Majówka w Zakopanem dla wielu Polaków jest już tradycją, bez której nie wyobrażają sobie długiego majowego weekendu.
Do stolicy Podhala, mimo obostrzeń i zamkniętych hoteli, zjechały tłumy turystów. Niektórzy z nich w nocy z soboty na niedzielę postanowili wziąć udział w nocnej imprezie na Krupówkach. Turyści, nie zachowując reżimu sanitarnego, świętowali majówkę.
Jak informuje zakopiańska policja, w minioną niedzielę na Krupówkach można było zobaczyć więcej patroli niż zwykle. Tatrzańskich funkcjonariuszy wspierało kilkudziesięciu mundurowych z Krakowa. Dodatkowe patrole zwracały szczególną uwagę na noszenie maseczek i utrzymywanie dystansu. Z niedzieli na poniedziałek nie było już tak tłoczno jak poprzedniej nocy. Wprawdzie turystów było wielu, ale większość spacerowała i robiła zakupy.
– Odnotowaliśmy pojedyncze wybryki osób, które przesadziły z alkoholem. Funkcjonariusze reagowali na sytuacje, kiedy osoby poruszały się bez maseczek, piły alkohol w miejscu publicznym, zachowywały się wulgarnie lub obsceniczne. Nie doszło natomiast do spontanicznych ulicznych imprez, tak jak poprzedniej nocy. Niedzielne popołudnie i noc przebiegła bardzo spokojnie. Około 1.00 nad ranem Krupówki były już zupełnie puste
– relacjonują zakopiańscy policjanci.
Podsumowując: ostatniej doby tatrzańska policja odnotowała 75 interwencji.
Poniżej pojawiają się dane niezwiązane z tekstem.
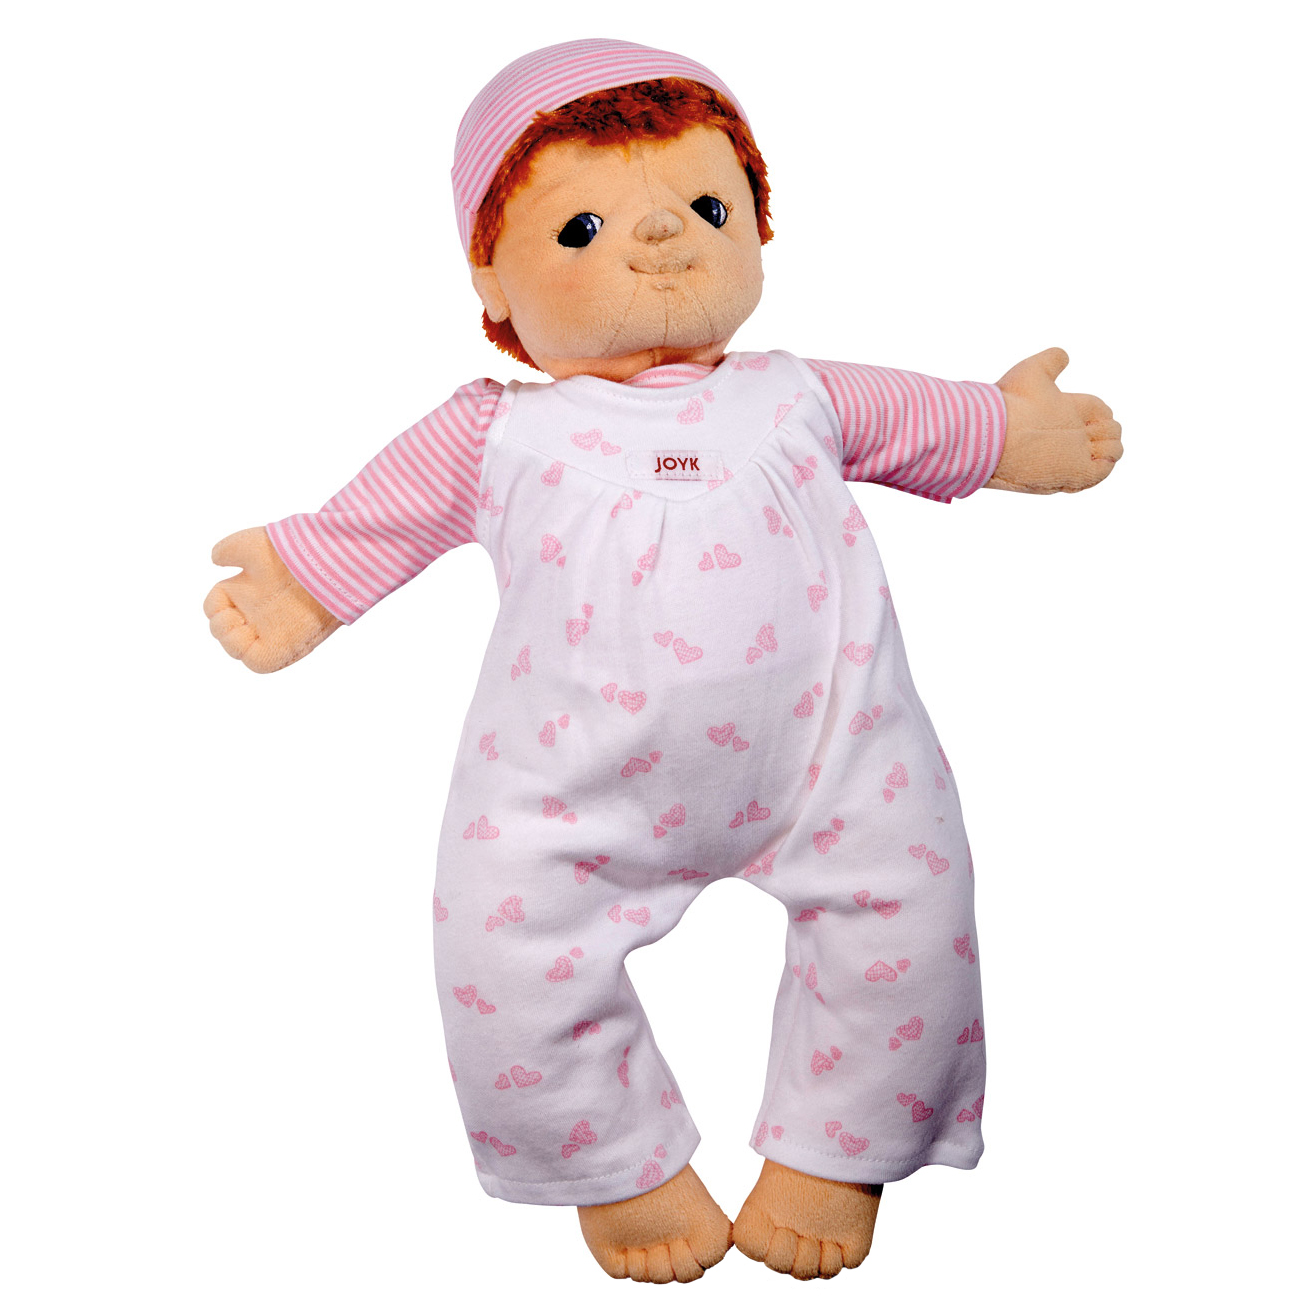 Joyk dolls - empathy doll baby Emma

Wylegitymowano 284 osoby, z których 50 ukarano mandatami karnymi za brak maseczek lub złamanie innych sanitarnych obostrzeń. Wobec 4 osób skierowane zostaną wnioski o ukaranie do sądu, a kolejnych 15 osób pouczono, przypominając o obowiązku zasłaniania ust i nosa maseczką.